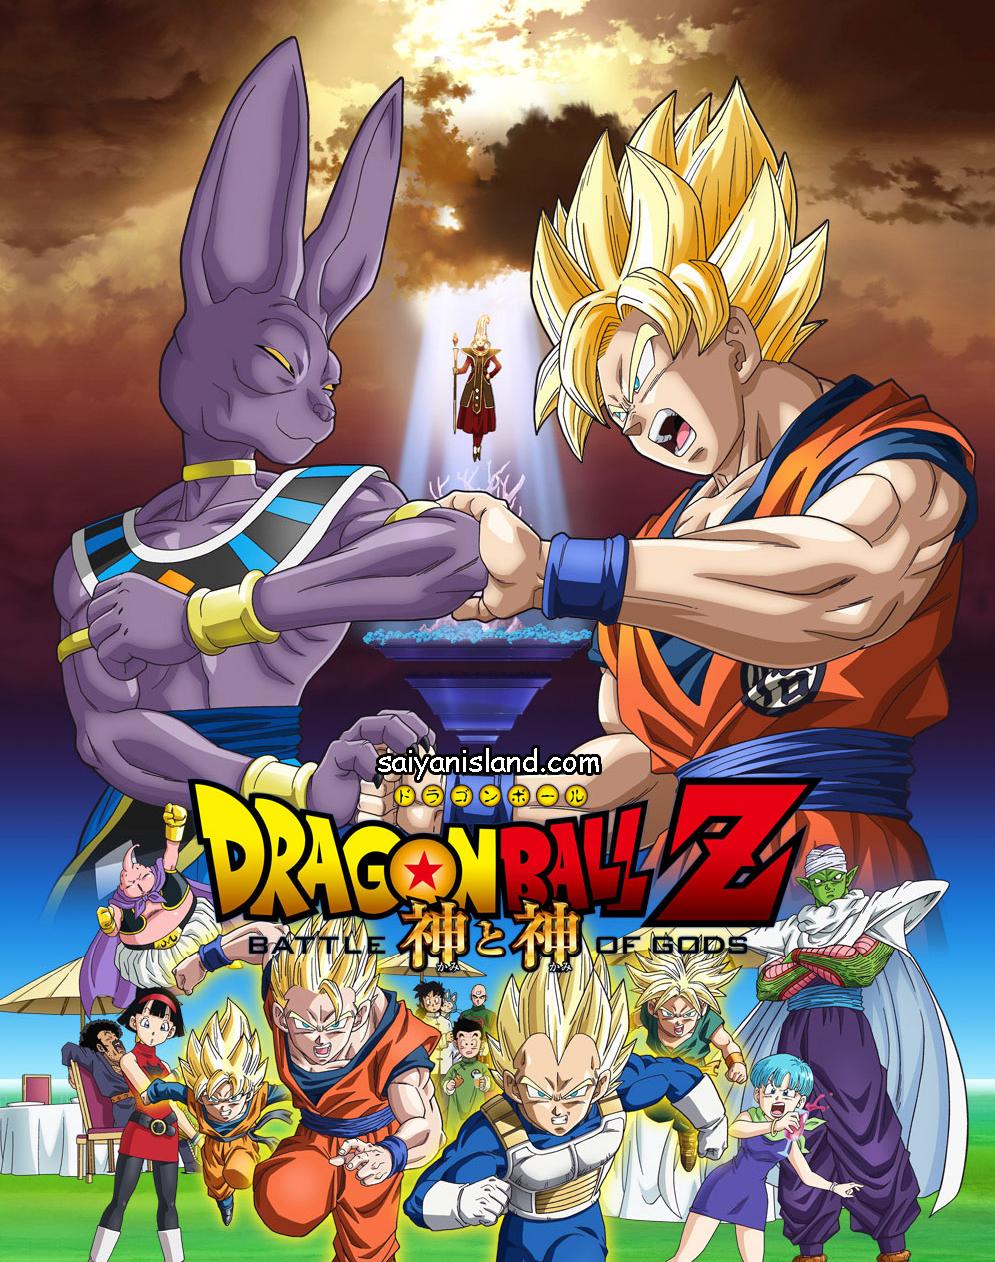 Dragon Ball Z : Battle of Gods Streaming vk filmze
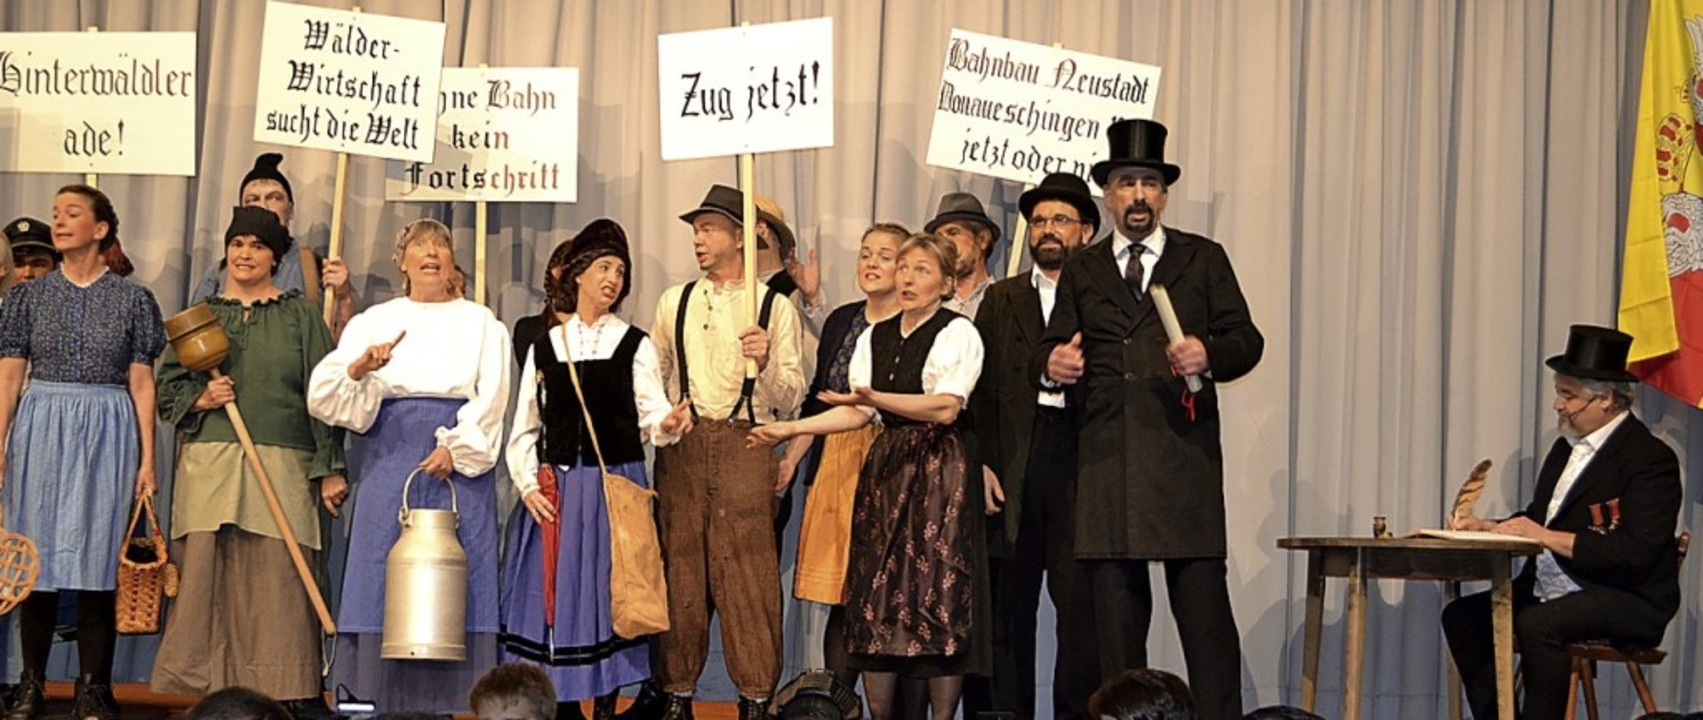 Bürgermeister Winterhalder (Armin Hase...f Langenbacher, rechts) eine Petition.  | Foto: Liane Schilling
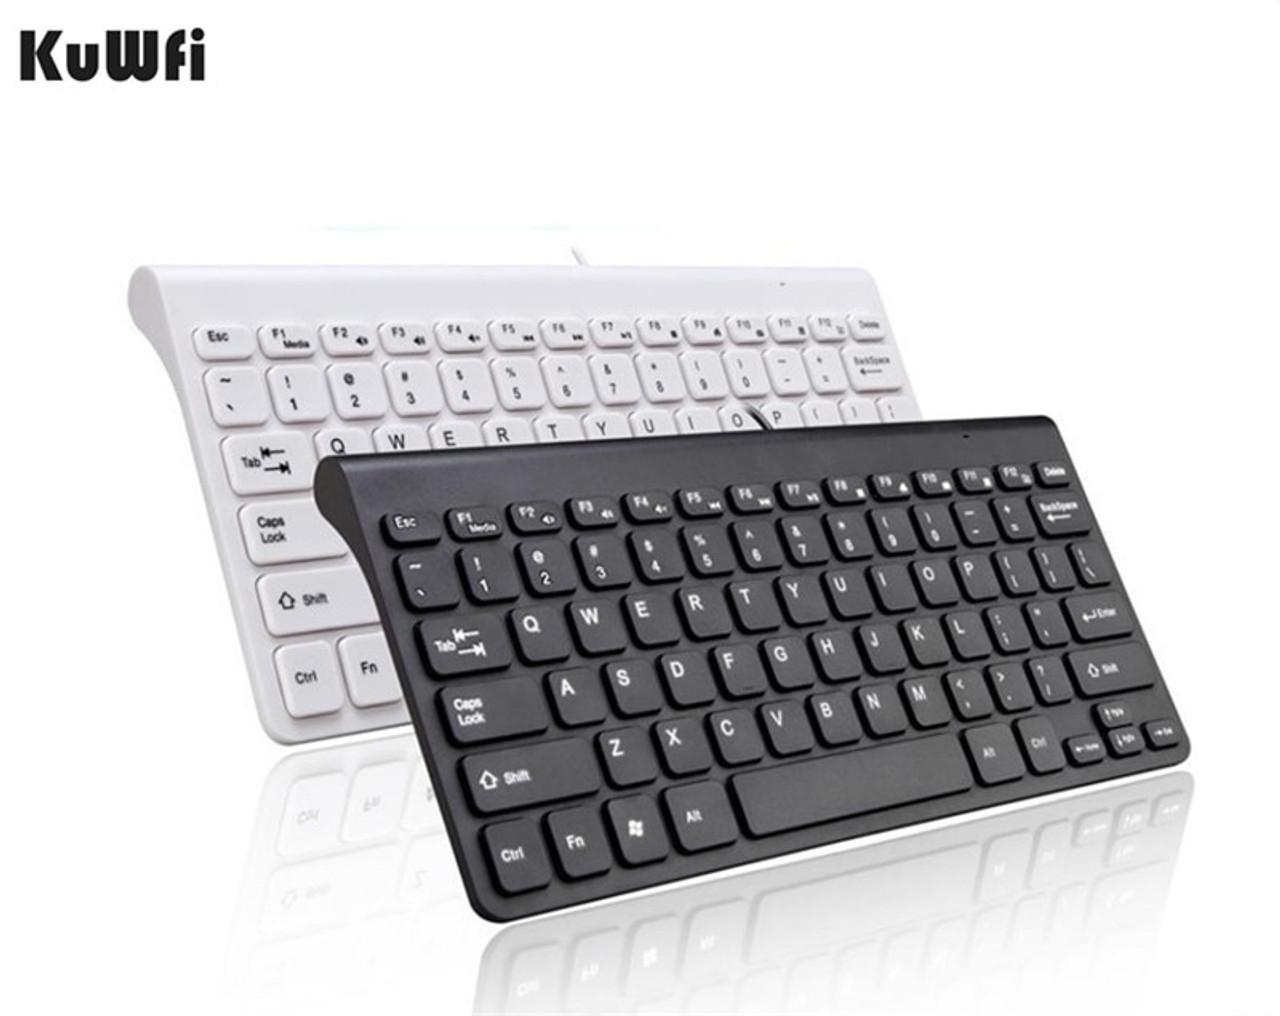 8d4da8488a8 ... KuWFi New Keyboard Ultra thin Quiet Small Size 78 Keys Mini Multimedia USB  Keyboard For Laptop ...
****************
WHAT YOU SHOULD DO | Every word of the material, and none of its pictures, should be set down again.

EXPECTED ANSWER |
 Dragon Ball Z : Battle of Gods Streaming vk filmze
 Bürgermeister Winterhalder (Armin Hase...f Langenbacher, rechts) eine Petition.  | Foto: Liane Schilling
 8d4da8488a8 ... KuWFi New Keyboard Ultra thin Quiet Small Size 78 Keys Mini Multimedia USB  Keyboard For Laptop ...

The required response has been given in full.